What is legitimately criticable is how the transition was executed: opaque communication, multiplier changes that retroactively hit annual subscribers, and a lack of native tools to monitor consumption in real time.

The good news is that with a bit of discipline, the new model is manageable. Autocomplete is still free. Included models are more capable than most people give them credit for. And the routing strategy — plan with the expensive model, execute with the cheap one — is a habit that improves not just costs but the quality of the work itself.

The question is no longer “how many requests do I have left?” but “am I using the right model for this specific task?”. That’s, honestly, a much smarter question.

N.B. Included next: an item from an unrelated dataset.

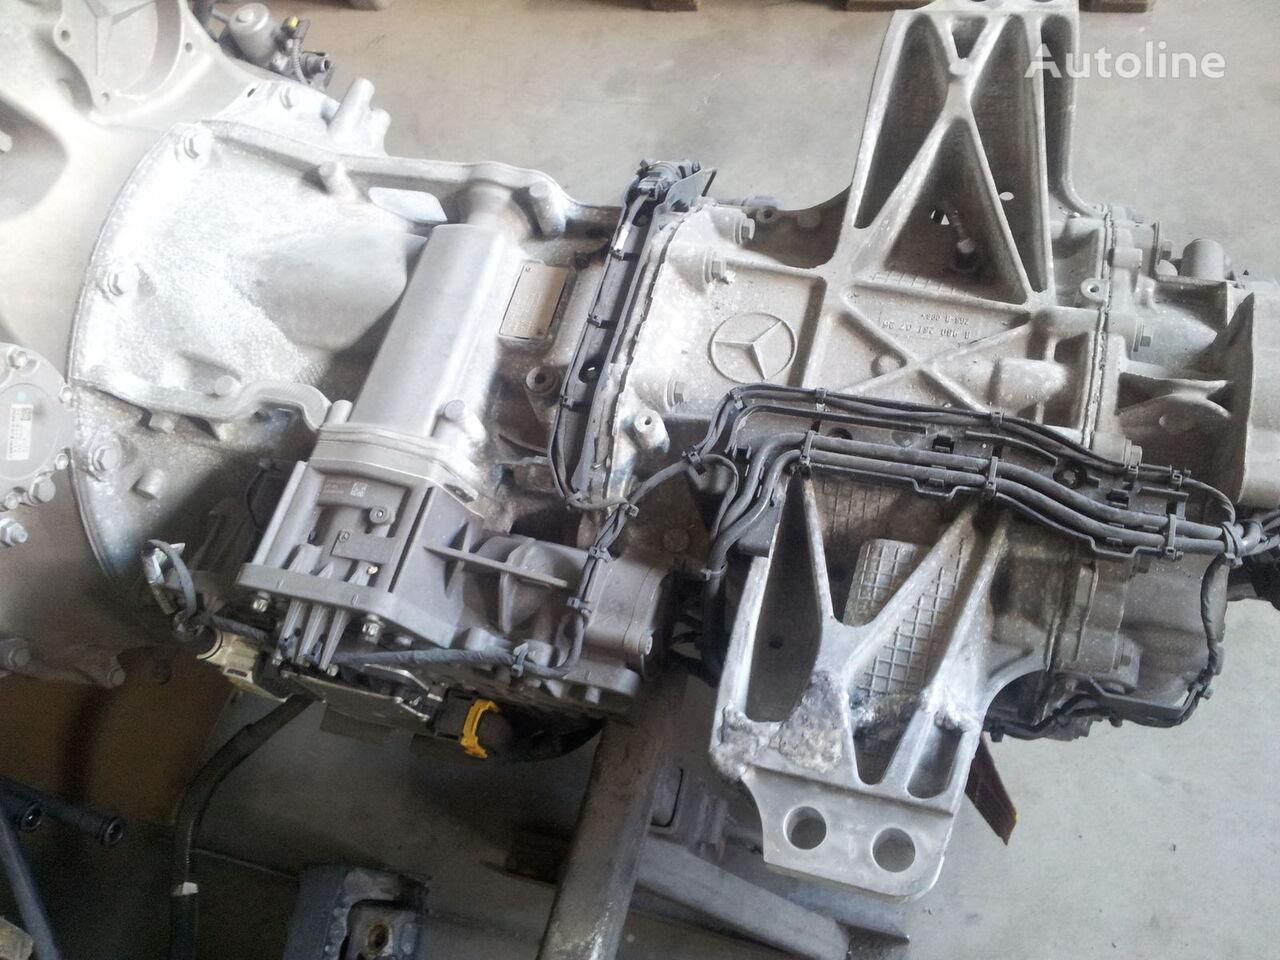 КПП MERCEDES-BENZ Actros MP4, EURO5, EURO6, gearbox G211-12KL для тягача MERCEDES-BENZ Actros MP4 EURO6

There’s an argument GitHub hasn’t bothered to make, but which has some merit: the old model encouraged the most careless vibe coding. Asking the AI for 500 lines of code, discarding them because they didn’t work, and asking again. That cycle was possible because it was free. The new system, painful as the transition is, forces you to think before you type, to scope the problem, to choose the right tool. In some ways, it’s a return to conscious software engineering — just this time with a bill as the motivator.